Exercise instructions: Copy every record below exactly as written, but leave out the pictures.

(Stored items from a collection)
===

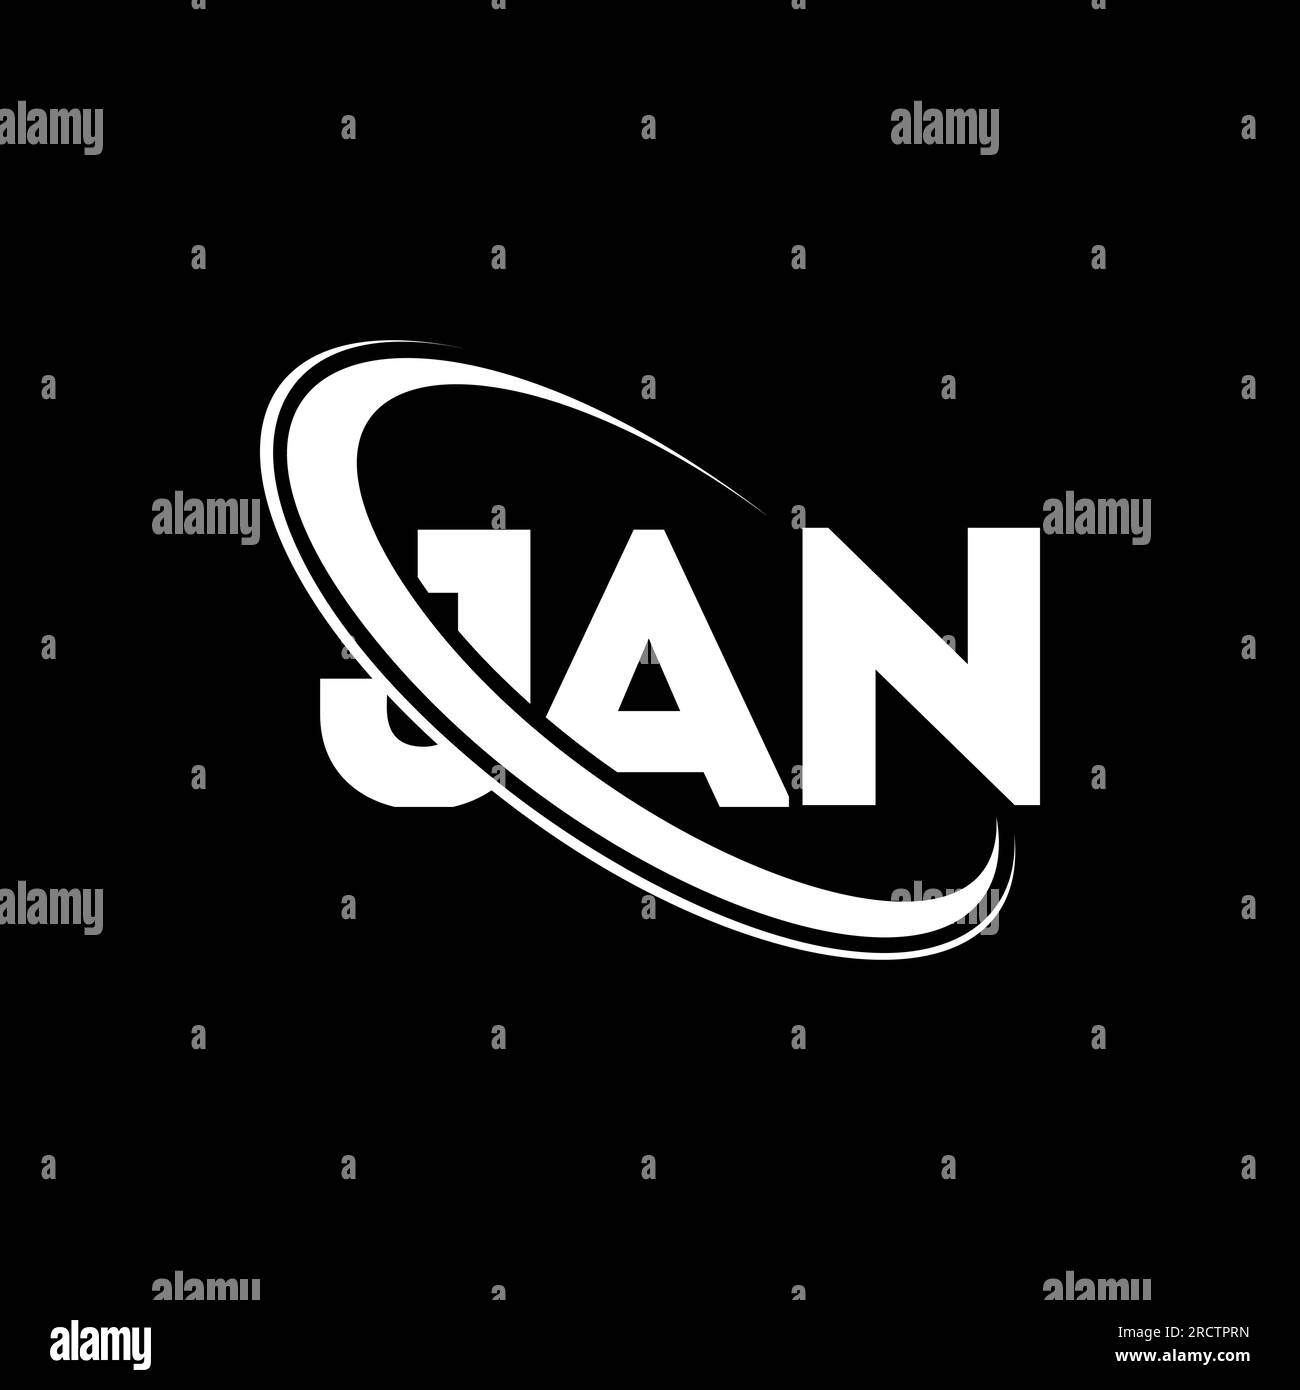 JAN-Logo. JAN-Brief. LOGO mit JAN-Buchstaben. Initialen JAN-Logo, verbunden mit einem Kreis und einem Monogramm-Logo in Großbuchstaben. JAN-Typografie für Technologie, Geschäfte Stock Vektor
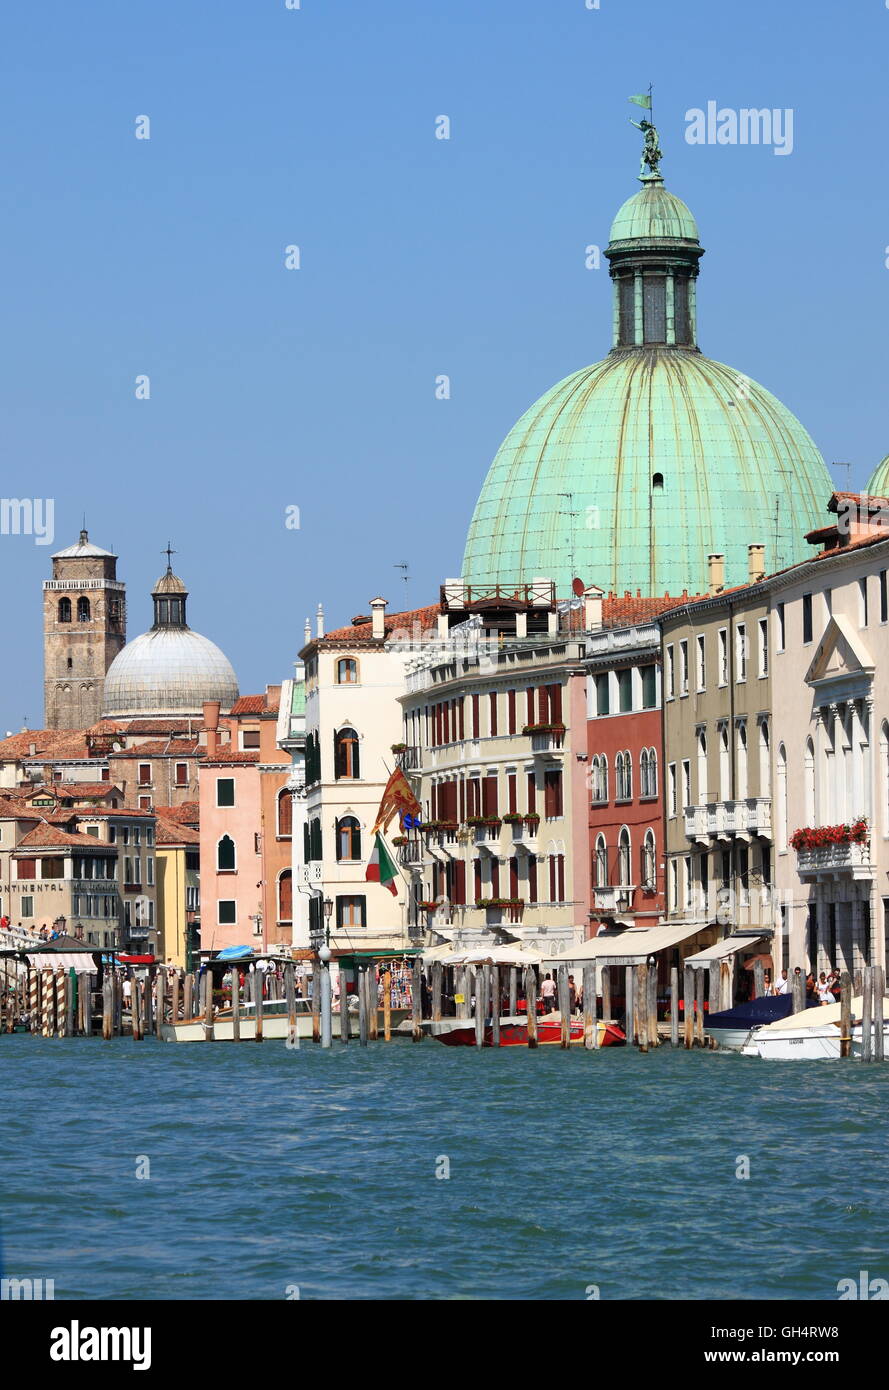 Venedig, Italien - 5. August: malerische Aussicht auf den Canal Grande am 5. August 2012 in Venedig, Italien. Mehr als 20 Millionen Touristen kommen zu v Stockfoto
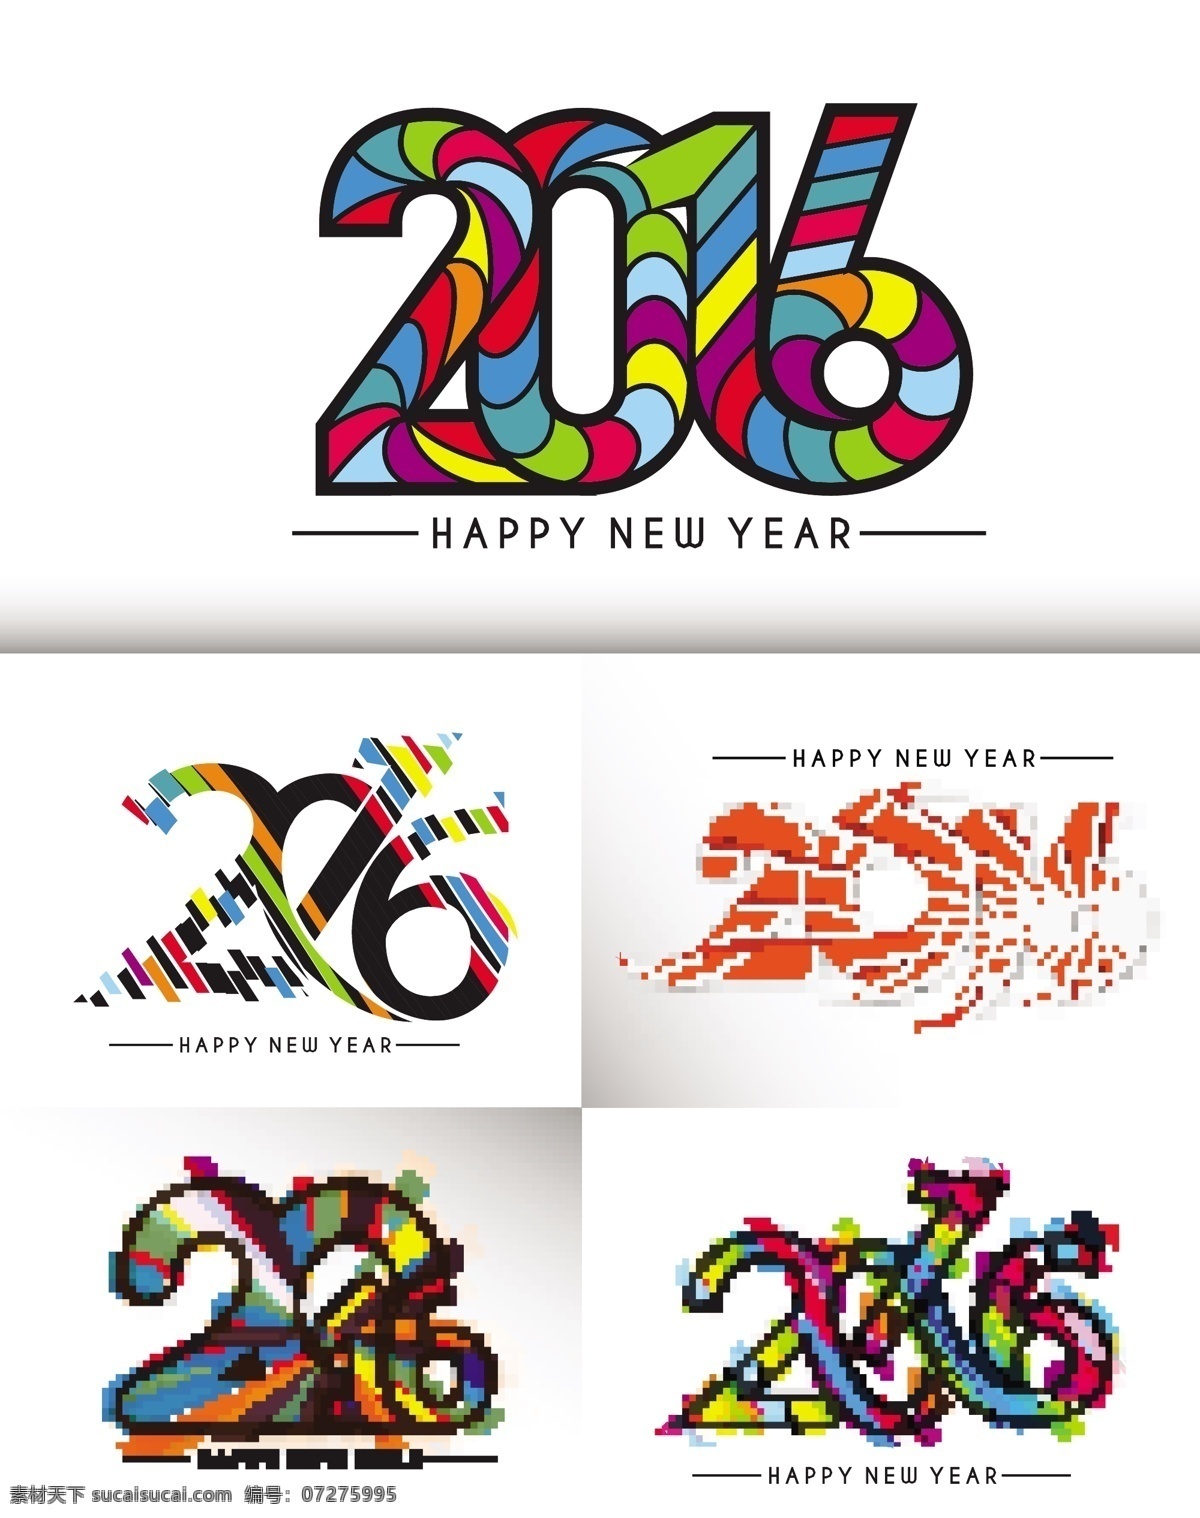 2016 年 新年 猴年 中国年 中国元素 新年海报 happy new year 猴年设计 创意数字 元旦 春节 节日素材 节日庆祝 矢量 文化艺术
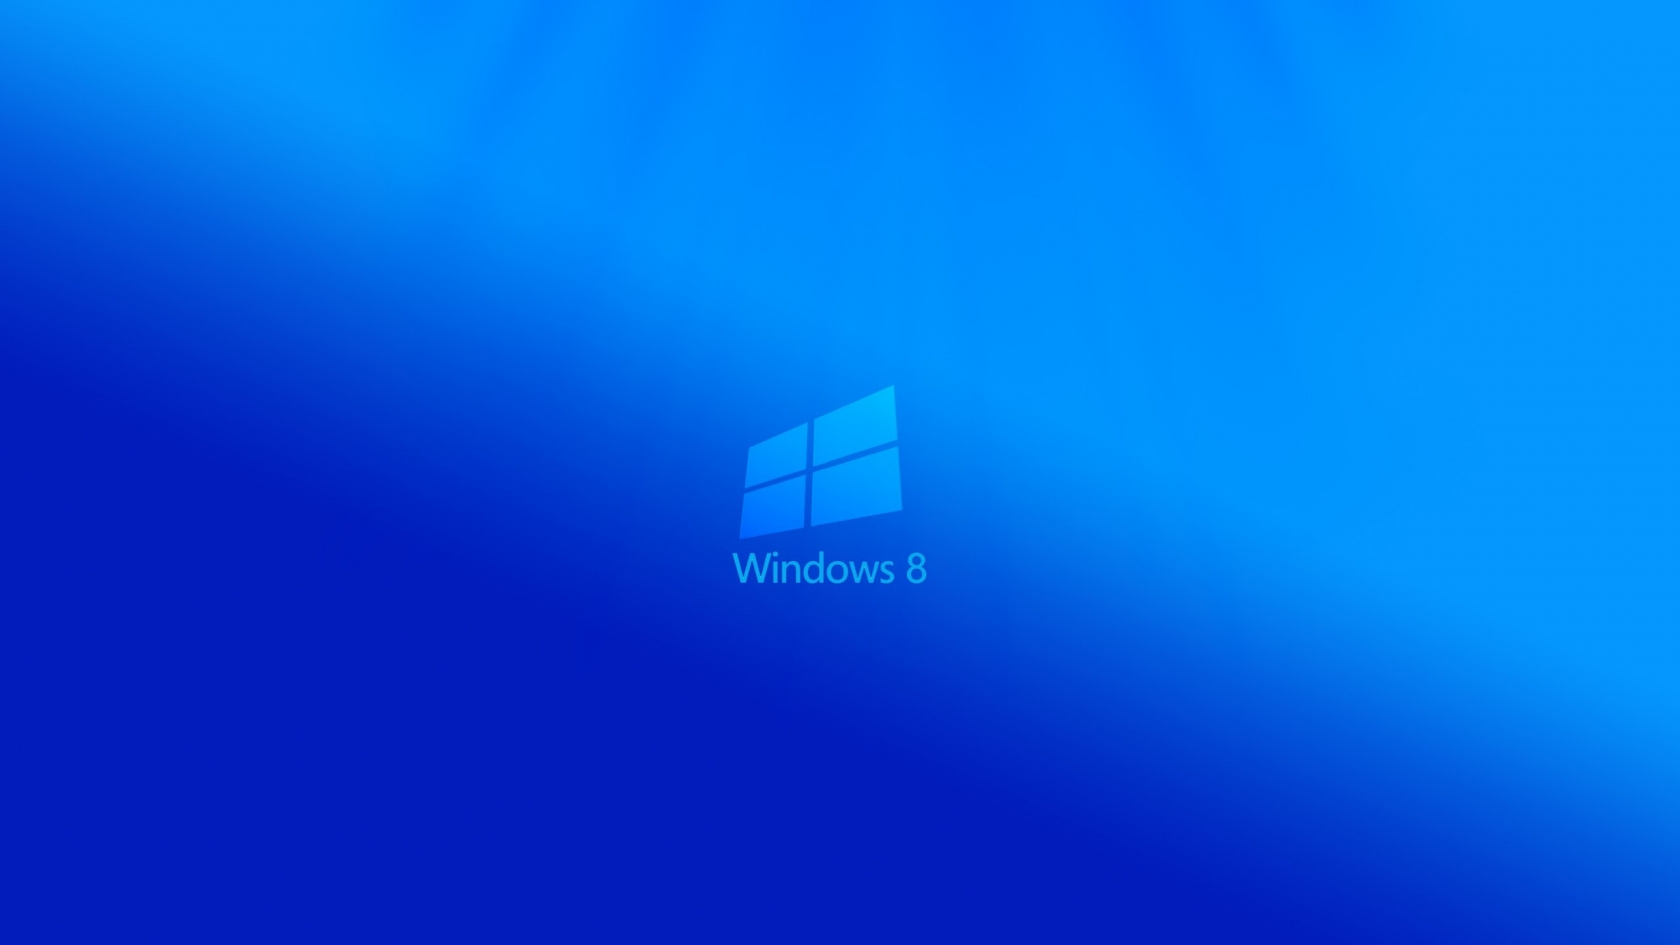 Windows 8 Light for 1680 x 945 HDTV resolution
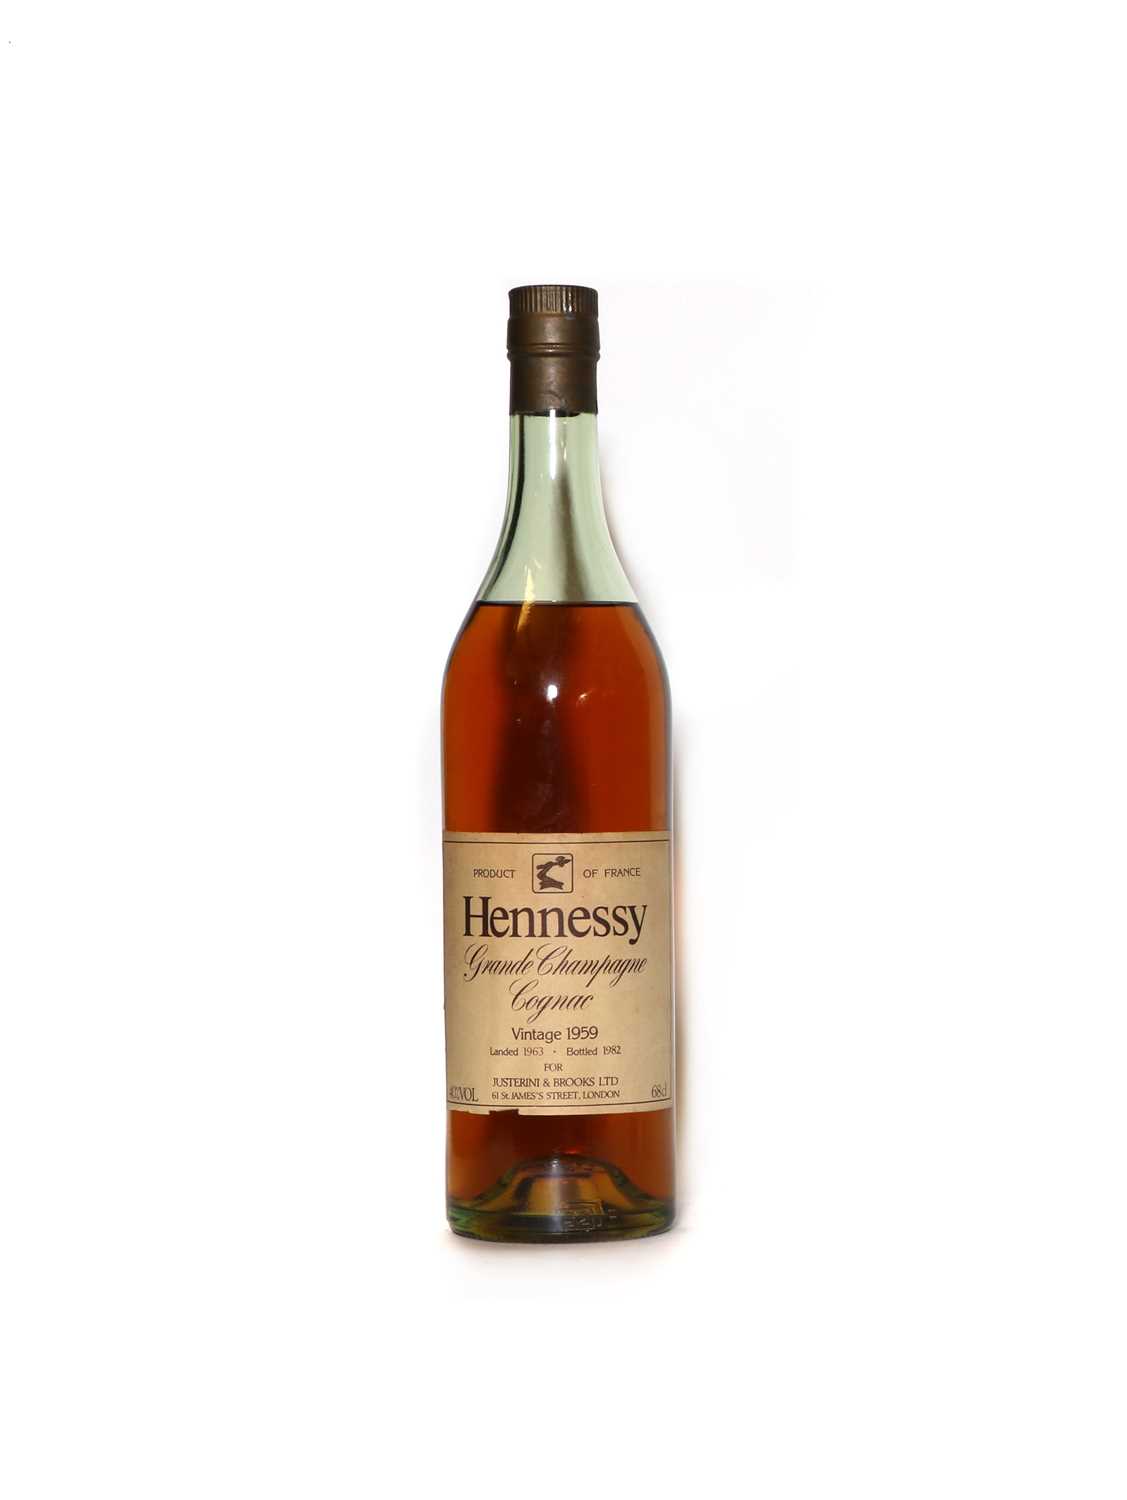 Hennessy, Grande Champagne Cognac, 1959, landed 1963, bottled 1982, 40% vol, 68cl, (1)

===

Exercise result:
 JAN-Logo. JAN-Brief. LOGO mit JAN-Buchstaben. Initialen JAN-Logo, verbunden mit einem Kreis und einem Monogramm-Logo in Großbuchstaben. JAN-Typografie für Technologie, Geschäfte Stock Vektor
 Venedig, Italien - 5. August: malerische Aussicht auf den Canal Grande am 5. August 2012 in Venedig, Italien. Mehr als 20 Millionen Touristen kommen zu v Stockfoto
 2016 年 新年 猴年 中国年 中国元素 新年海报 happy new year 猴年设计 创意数字 元旦 春节 节日素材 节日庆祝 矢量 文化艺术
 Windows 8 Light for 1680 x 945 HDTV resolution
 Hennessy, Grande Champagne Cognac, 1959, landed 1963, bottled 1982, 40% vol, 68cl, (1)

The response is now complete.